Value-preserving coin inflation

The first protocol to propose funding public goods through coin inflation was Bitcoin, where miners are issued new BTC as compensation for their computational work β€” work that secures the network and thus benefits all users. In the case of Bitcoin, the coin inflation is for a specific public good and the issuance is preprogrammed by the Bitcoin protocol itself. We are proposing a generalized protocol for public goods where the issuance of new coins is variable (based on the economic value of public goods) and user-validated.

Now how can coin inflation be value-preserving? The proposition seems to be a contradiction in terms since inflation results in the devaluation of a currency. The answer is that, while coin inflation does indeed devalue the currency, the economic growth resulting from the production of the public good appreciates the value of the currency. Thus, the result is that the coin preserves its value, people are properly compensated for the public goods they create, while everyone in society benefits from real economic growth and from unrestricted access to public goods.

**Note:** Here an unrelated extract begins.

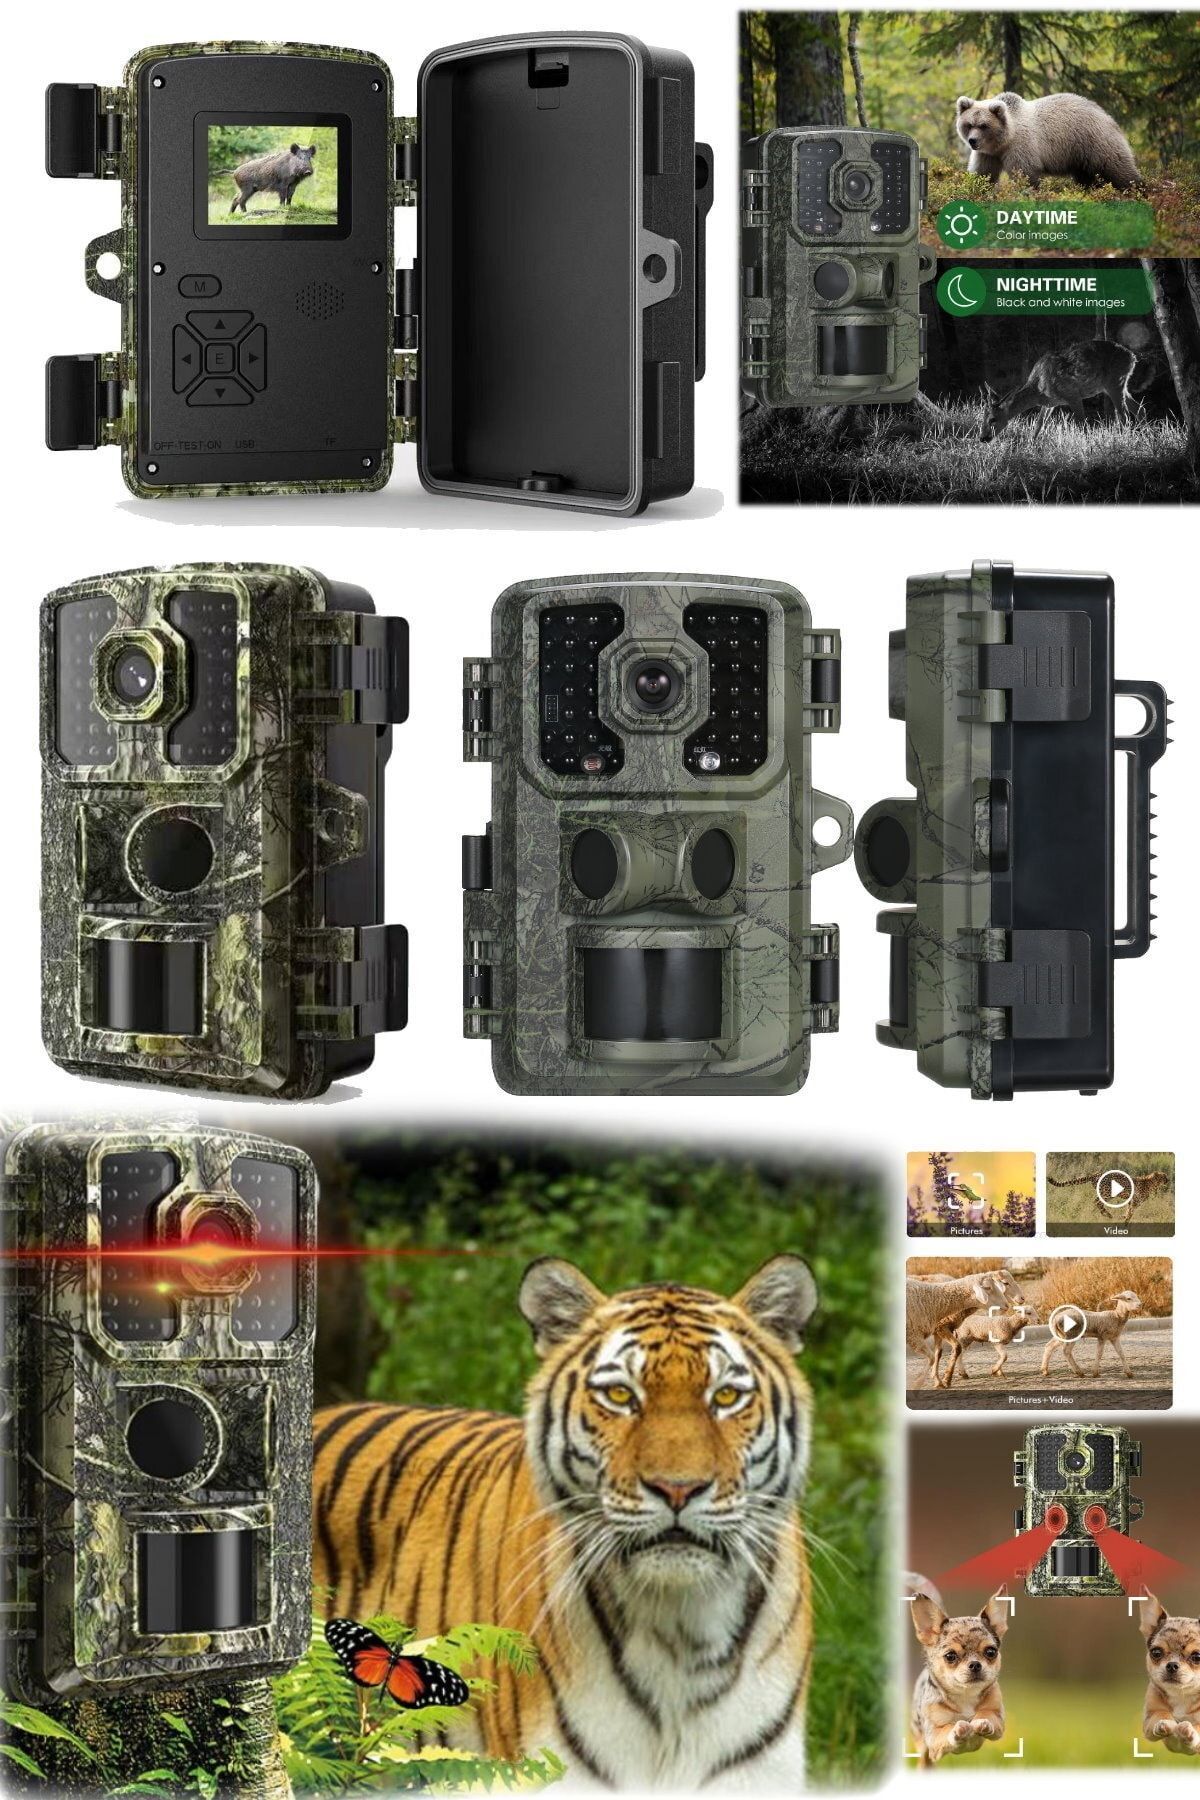 Utelips Yaban Hayatı Izleme Için Hd Kamera - Kızılötesi Gece Görüşü Hareket Algılama 16mp Pet Takip Kamerası

But why should people agree to the devaluation of their coins instead of benefitting from an increase in the value of the currency due to public goods-induced economic growth? The simple answer is that without properly compensating people for public goods, we’re unlikely to have as much economic growth. It is therefore much better to have a currency that maintains its value in an economy experiencing sustained growth over an appreciating currency in a stagnant economy.